The harsh cryptocurrency regulatory climate in India has turned out to be a gift for the self-styled blockchain island of Malta as one of the cryptocurrency exchanges that recently shut down in the world’s second-most populous country has decided to move operations there.
First reported by Quartz, Zebpay, one of the biggest exchanges in India, has registered an office in Malta with a view of serving not just citizens and residents of the island nation but also other European countries. In the Terms of Use page on its website Zebpay lists 20 countries whose residents and citizens are eligible to access its cryptocurrency exchange services. Besides Malta others include major European countries such as France, Germany, Italy, the Netherlands, Ireland, Sweden and Denmark.
New Home
In Malta, Zebpay has been incorporated under the name Awlencan, according to its website:
“For all intents and purposes, Zebpay shall mean and include below – Awlencan Innovations Malta Limited [C-88318], a Maltese Registered Company with Office Address situated at: 48, Triq Stella Maris, Sliema, SLM 1765, Malta, which owns and operates the ‘Zebpay’ VFA Exchange Platform in Malta, hereinafter referred to as “Awlencan” or “Zebpay” or “company”…”

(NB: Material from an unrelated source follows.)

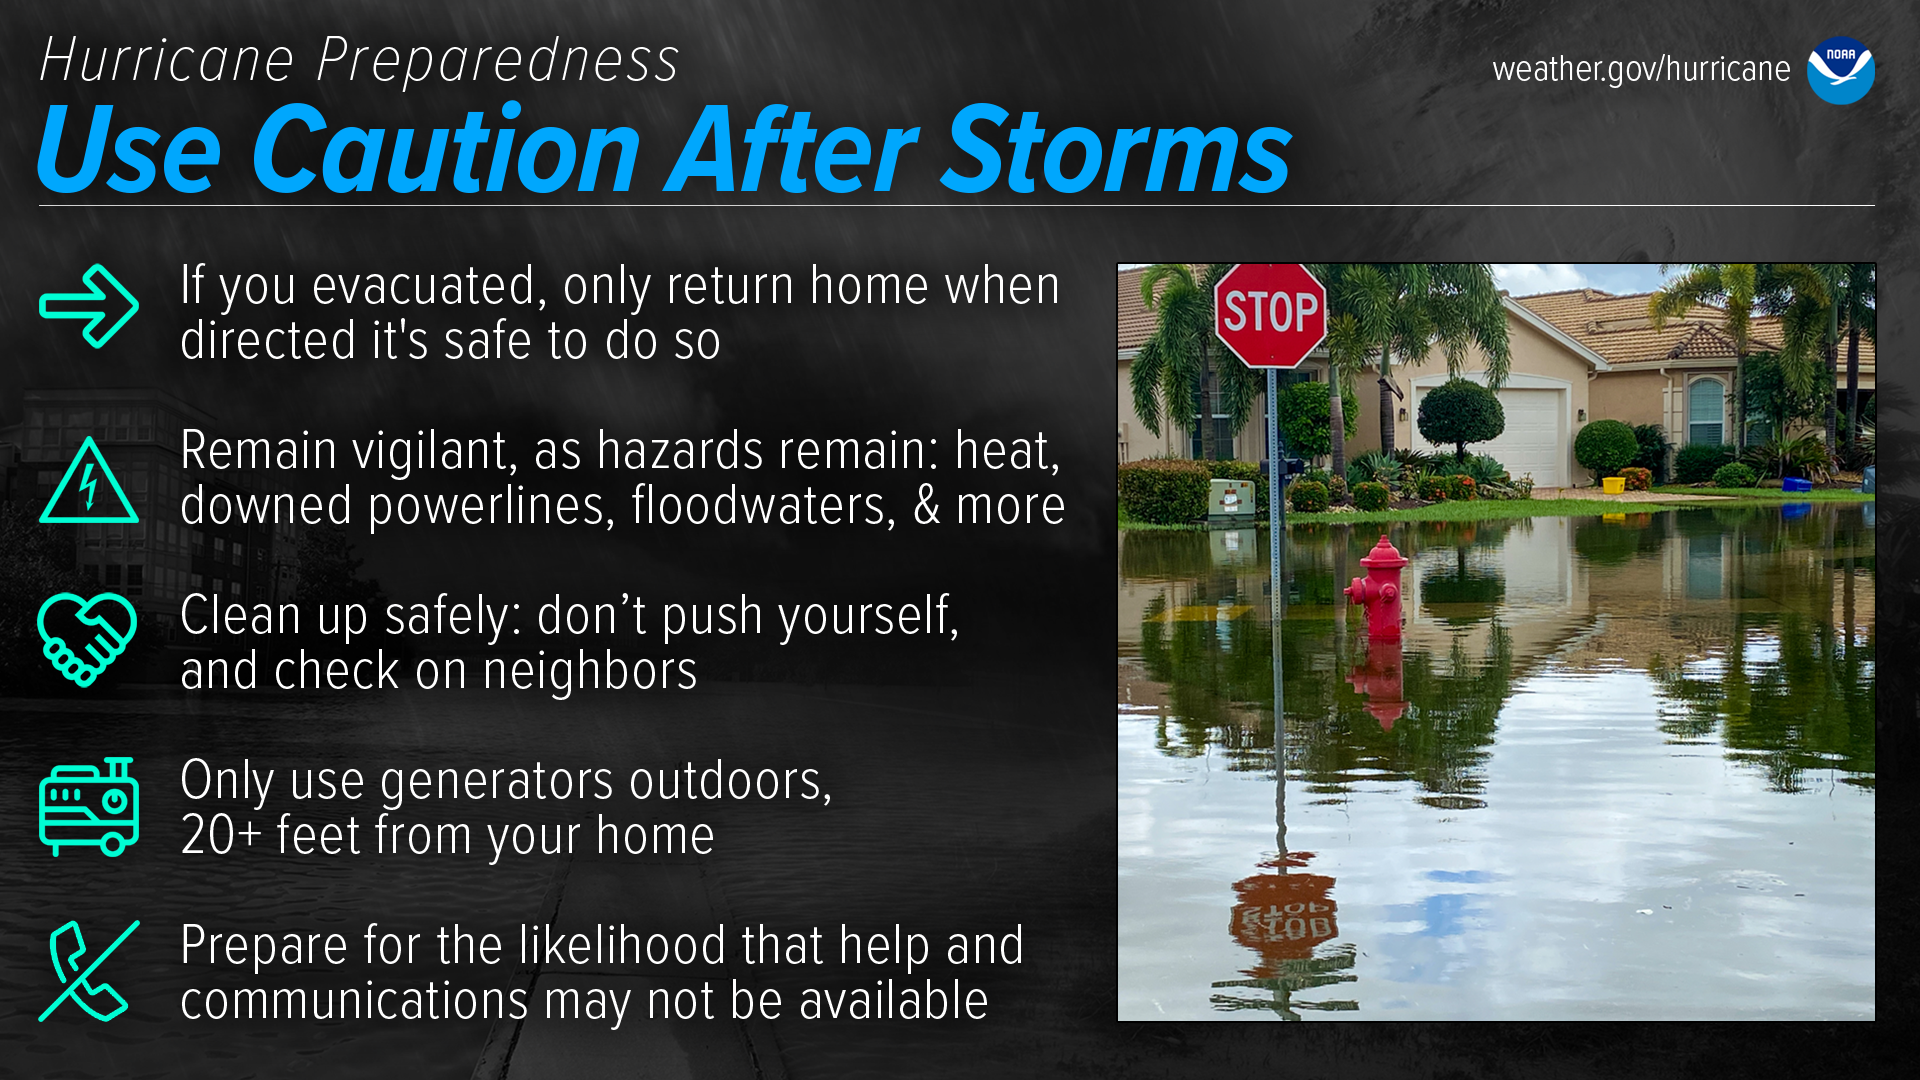 Hurricane Preparedness - Use Caution After Storms. If you evacuated, only return home when directed that it's safe to do so. Remain vigilant, as hazards remain: heat, downed power lines, floodwaters, and more. Clean up safely: don't push yourself, and check on neighbors. Only use generators outdoors, 20+ feet from your home. Prepare for the likelihood that help and communications may not be available.

Zebpay’s decision to shut down its Indian operations was announced last month and this was blamed on a move by the Reserve Bank of India to ban the financial institutions that it regulates from offering banking services to crypto businesses.
“The curb on bank accounts has crippled our, and our customer’s, ability to transact business meaningfully,” Zebpay wrote in a statement at the time as CCN reported. “At this point, we are unable to find a reasonable way to conduct the cryptocurrency exchange business.”
At the time, Zebpay, which was only launched three years ago, had amassed approximately three million users with hundreds of thousands of new users joining each month prior to the banking freeze by India’s central bank.
Negative Ripple Effect
The banking freeze which was announced in April this year has had a negative effect not just on cryptocurrency exchanges but also on the wider blockchain ecosystem in the world’s sixth-largest economy by nominal GDP. Late last month CCN reported that the harsh regulatory position of India’s government on cryptocurrencies was causing brain drain in the country’s blockchain space. Additionally, businesses and investments in the sector were exiting and heading to countries with a more conducive environment such as Switzerland, Estonia and Thailand.
India’s Blockchain Ecosystem Suffers as Antagonistic Government Policy Brings Exodus https://t.co/Zx0UHfpwZ6
— CCN (@CryptoCoinsNews) September 22, 2018
While it remains to be seen whether the cryptocurrency regulatory climate in India will change for the better in the long run, hopes are fading for a reversal in the near-term given the continuing harsh stance by the government. Just this week, for instance, reports emerged indicating that a government panel is likely to table a report in December proposing the holding of unregulated crypto assets to be illegalized.
Featured image from Shutterstock.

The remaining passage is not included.